Various federal commissions are keeping tabs on companies in order to prevent them from turning into monopolies. But the onerous “web crowd” might overpower them with ease by creating de facto monopolies.
Starting with my own area of expertise – web site creation. If your web site isn’t on Google’s first couple of pages for your search terms – you’re effectively off the market. Why? Because no matter what FTC would do, we, the people, will “google it” first. Google didn’t just buy those 80% of search market – we handed it to them on our own.
If your video isn’t on YouTube – there’s hardly any substitute on that. Recent TechCrunch post on percentage shares of US video streams confirms that. I don’t remember YouTube stalking me with a bat to make me use their services.
Next – social networking. While MySpace/Facebook/Ning leave some room for competition, Twitter is the only game in town so far and so are Flickr, Last.fm and LinkedIn (to a point).
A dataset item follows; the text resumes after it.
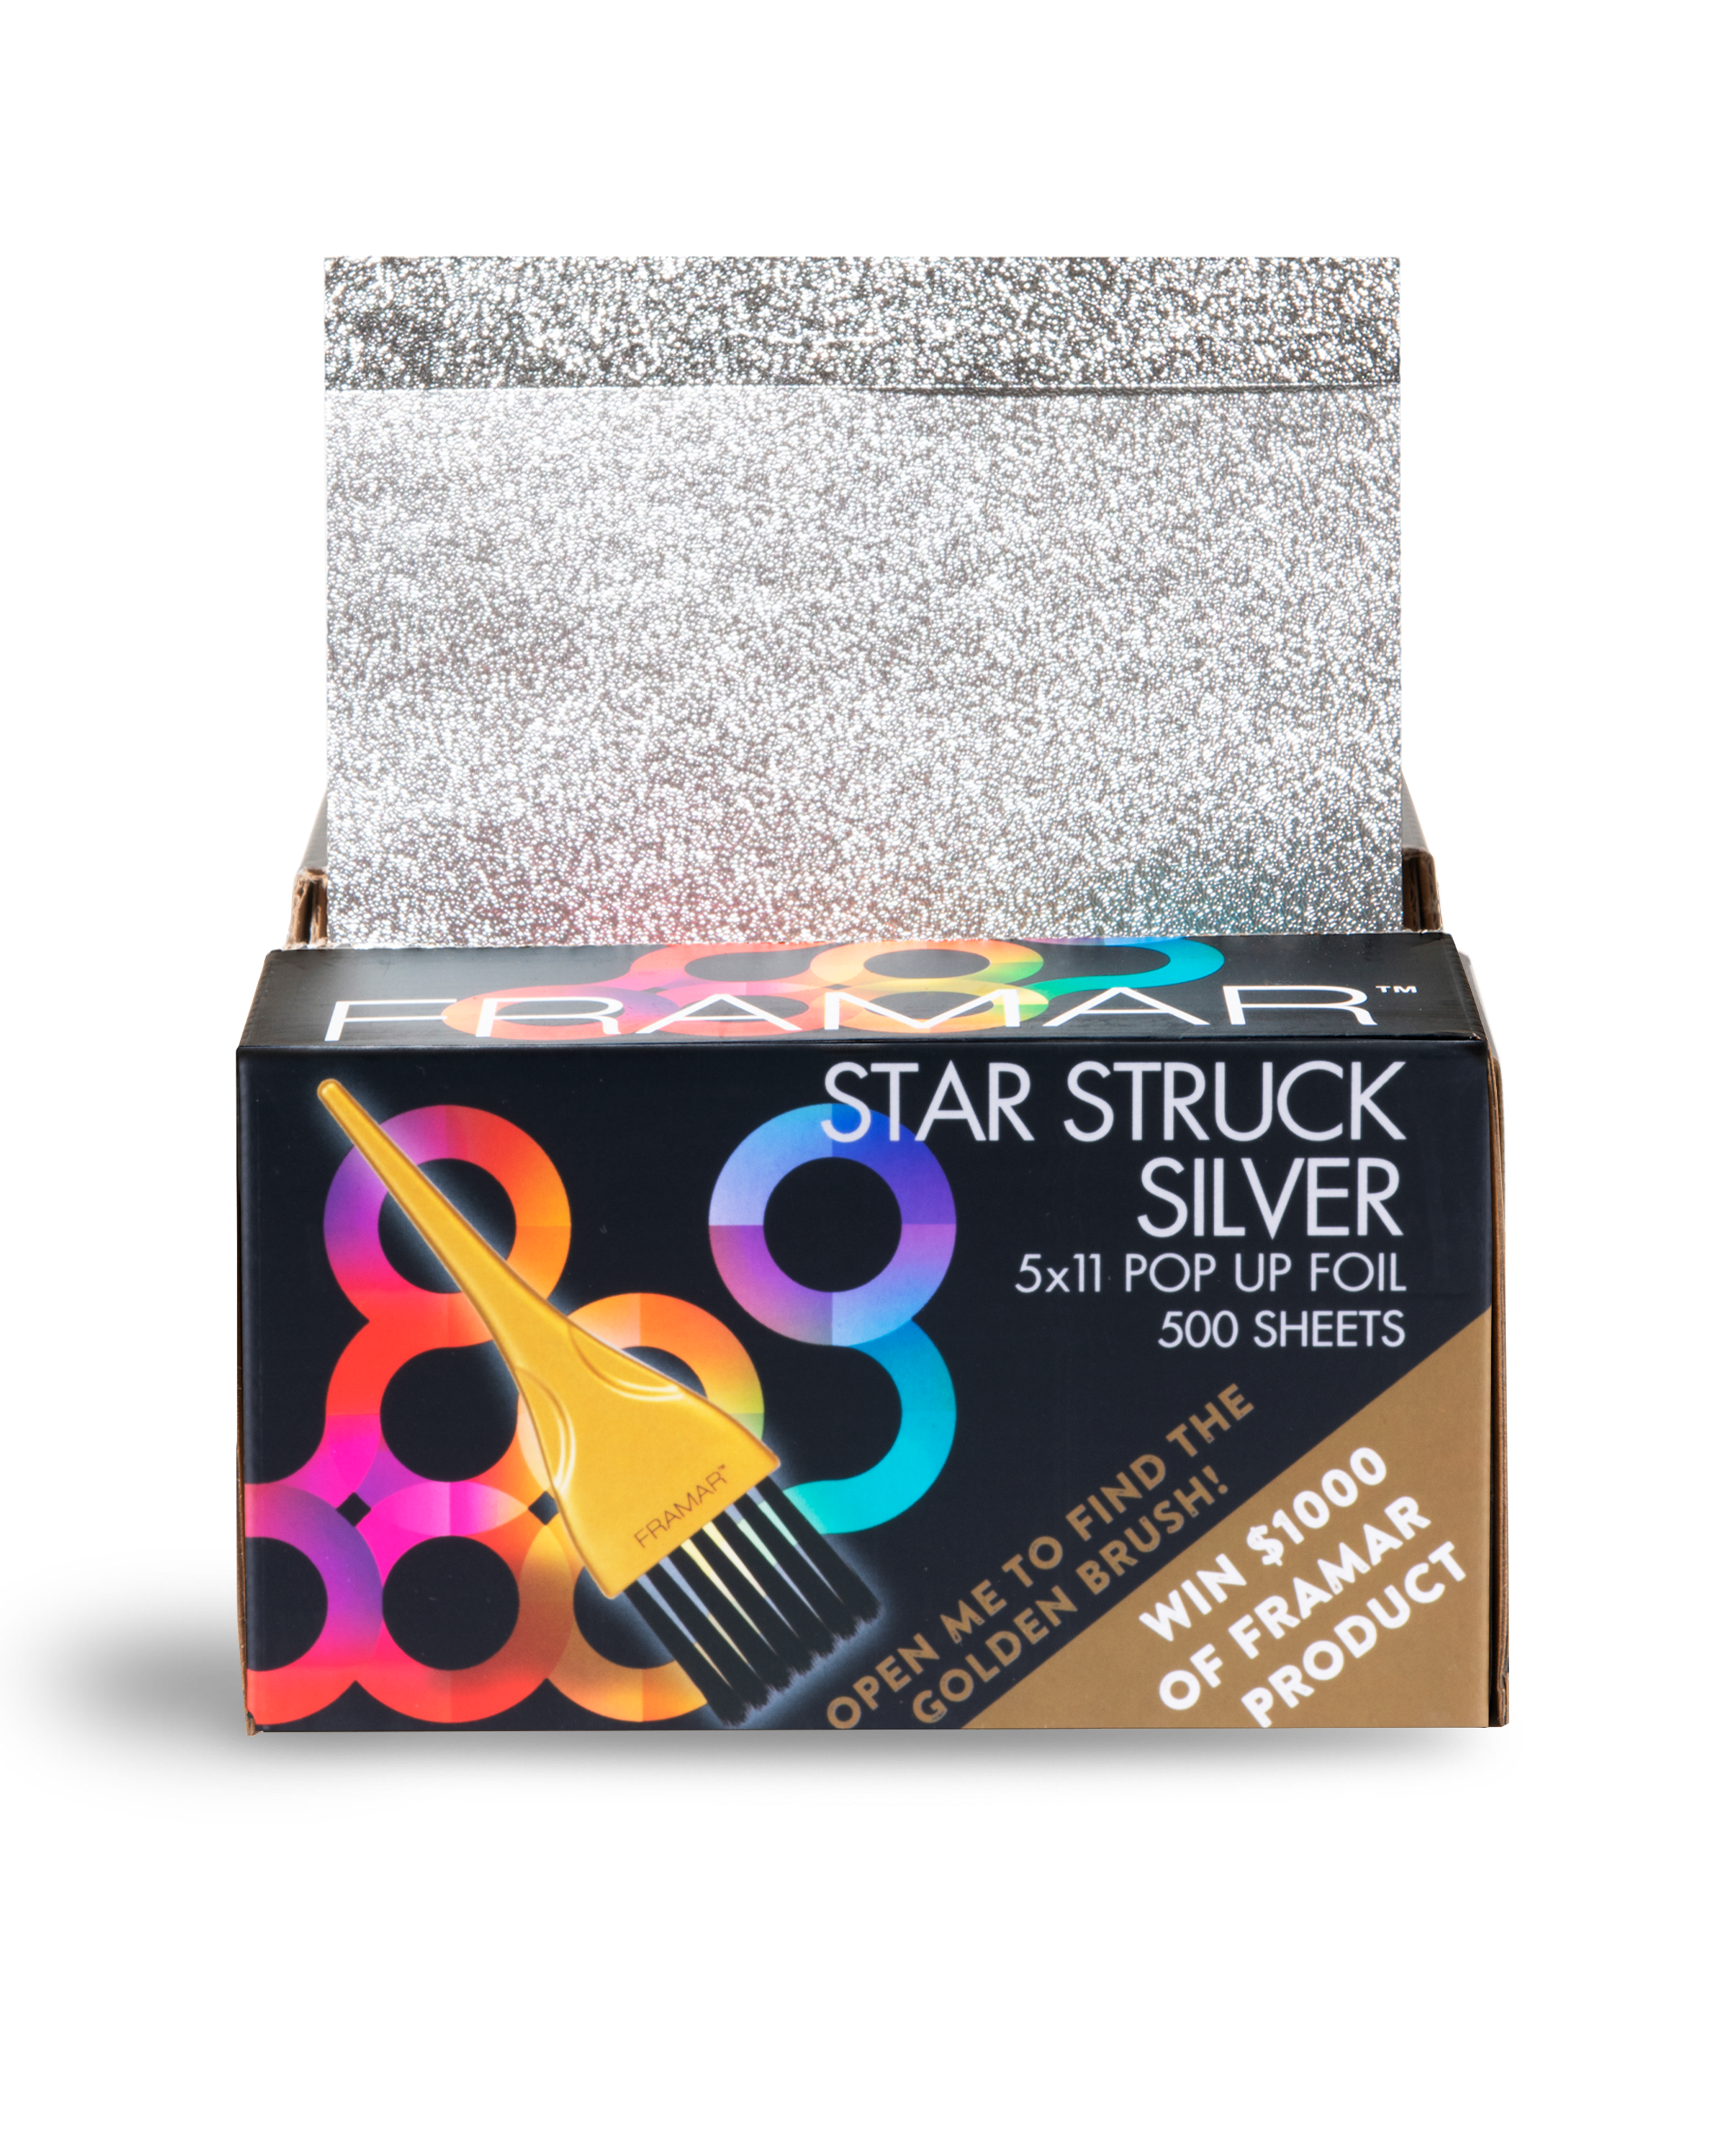 Framar Pop Up Foil - Star Struck Silver *Golden Brush Contest* - Creata Beauty - Professional Beauty Products

It’s not that these companies are brutal in extinguishing their competition, something Microsoft did to Netscape back in the old age of browser wars. Also, there are alternatives – technically speaking. But there is no real competition in terms of services’ social population and amount of interaction one would encounter. Heck, the reason Twitter crumbles every now and then because there is no competition, so there is no other place to tweet. It’s just that after we played with most social web sites out there, we tend to come back to one or two most populated, since being where the social action occurs is the whole point of exercise.